“Which makes me,” said Fanshawe, feeling abashed even in the gloom, “have all the more confidence that you are right, Miss Heriot. Had it been a—nothing, a—a mere levity—I don’t know what words to use—he would have spoken of it; but not a serious and honourable love.”

“Indeed, I am sure you do yourself injustice,” said Marjory, even in her languor of grief, discovering, with surprise, that she was capable of a blush.

“No,” he said, humbly; “men are ashamed of what is good oftener than of what is evil.”

They were speaking low, that Milly might not share any more of the secret than was inevitable, a precaution which was vain. Milly took in every word, along with the gloom of the room and the lines of strange, pale eerie light, and the heavy, sad, and painful excitement of the moment. The scene and the story never went out of her mind; but it did not make her much wiser.

There was something about poor Tom, and something about some one called Isabell, and partial darkness and transverse lines of light, themselves so pale and dark, that they made the gloom rather heavier. Milly sat close to Marjory’s knee, holding by her dress. The child could not bear to be without a hold upon something. When she let go, she seemed to sail away through some dark world of shadows and misery, full of sounds of the distant wheels of the mourning coaches, and that solemn, dreary bustle which attends the last exit of every mortal from his earthly home. Twice in a few weeks this had occurred, and it gave a confused sense of permanency to the wretchedness, so far as the child was concerned.

To Marjory there was, perhaps—who can say?—a certain sense of fellowship and comfort in the companion with whom she could talk freely, and upon whose sympathy she could reckon, which made up for something. Little Milly, perhaps, who could not in reality feel all that happened half so deeply as her sister, was for the moment more cast down, enveloped in that vague dreariness of childhood which, while it lasts, is more deeply depressing than any maturer grief.

A very different scene was going on upstairs in the west wing, where the strangers were being clothed in their new mourning, in preparation for a solemn appearance at the reading of the will. Poor Matilda, covered with crape, and drowned in the big widow’s cap, was as woe-begone as her sister could have desired, and cried more and more every time she looked in the glass.

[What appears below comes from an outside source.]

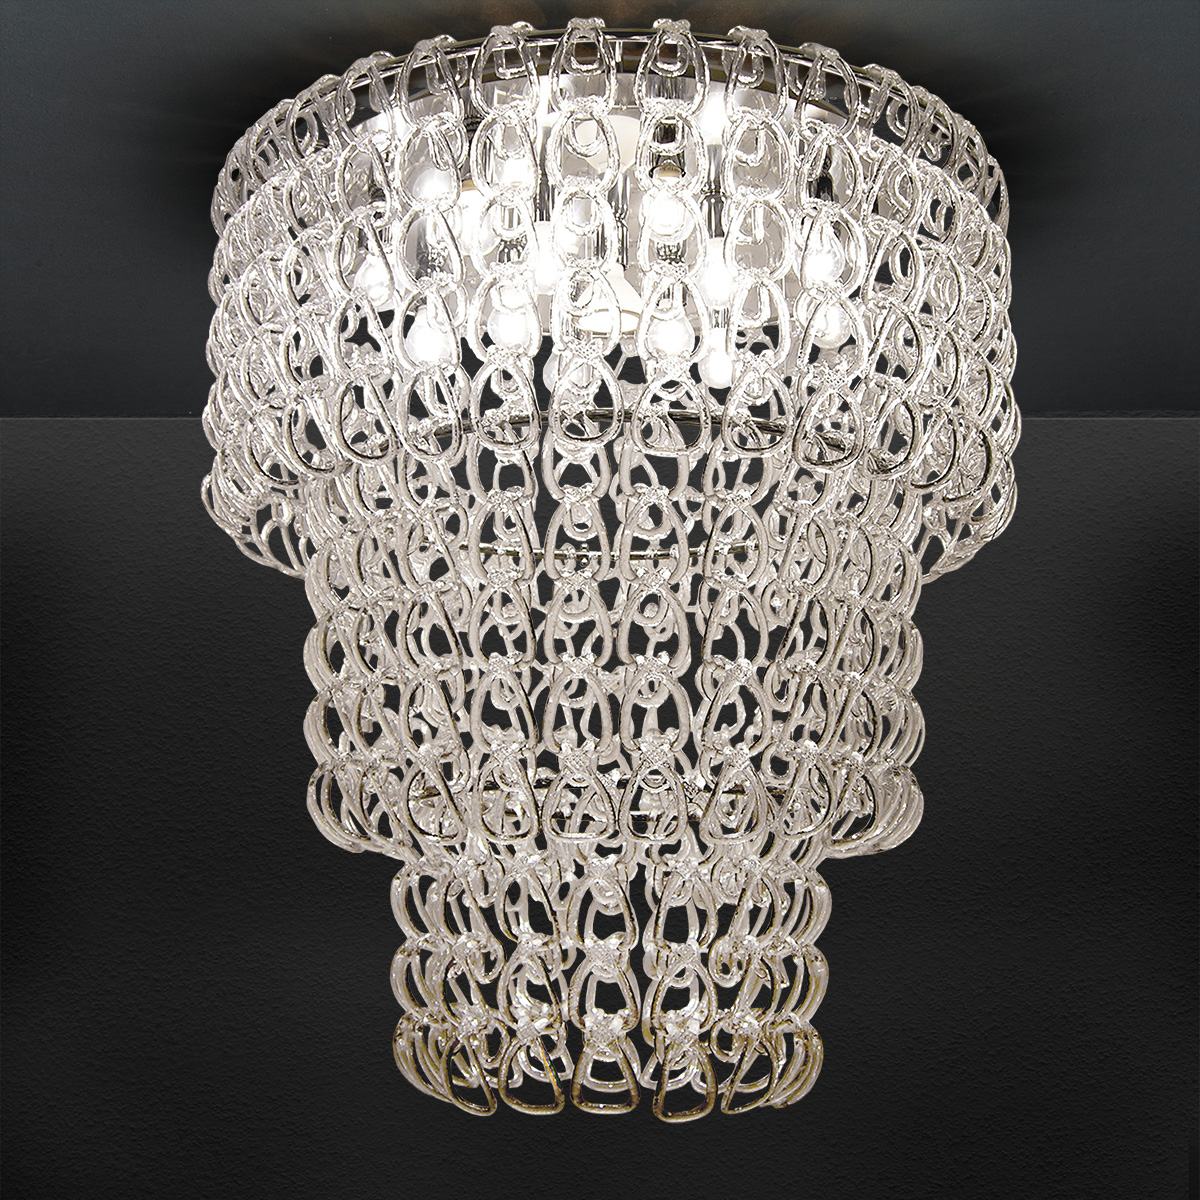 Φωτιστικό οροφής με κρύσταλλα Μουράνο ΓΑΝΤΖΟΙ ceiling lamp with Murano crystals

“It is hideous with light hair,” she said. “Oh! Verna, how cruel you are! They will think me eighty; they will not feel for me a bit. You know very well, when you have an unbecoming dress, men always find it out, though they never know what makes it unbecoming. And when everything depends on the impression I make, for the poor children—”

“Oh! you little fool!” said Verna, to whom it must be allowed the deep mourning, with the delicate broad hems of her collar and wrists, was very becoming; “the only impression you have to make is that you are a wretched widow, able to think of nothing but your poor dead husband. If you had the heart of a mouse, you would be thinking of him to-day, and not of anything else.”

“And so I am,” said Matilda, with real tears. “He would never have made me wear this horrible thing. He liked to see me look my best, and always thought of me, and what I would like, before everything. You may be sure that so long as I am with you, who are a little tyrant to me, I shall never, never forget poor dear Charlie. And, of course, I want to look decent, for his sake. What are they to think of him, dear fellow, when they see me look such a dowdy, and with no money, nor anything. It is for Charlie’s sake!”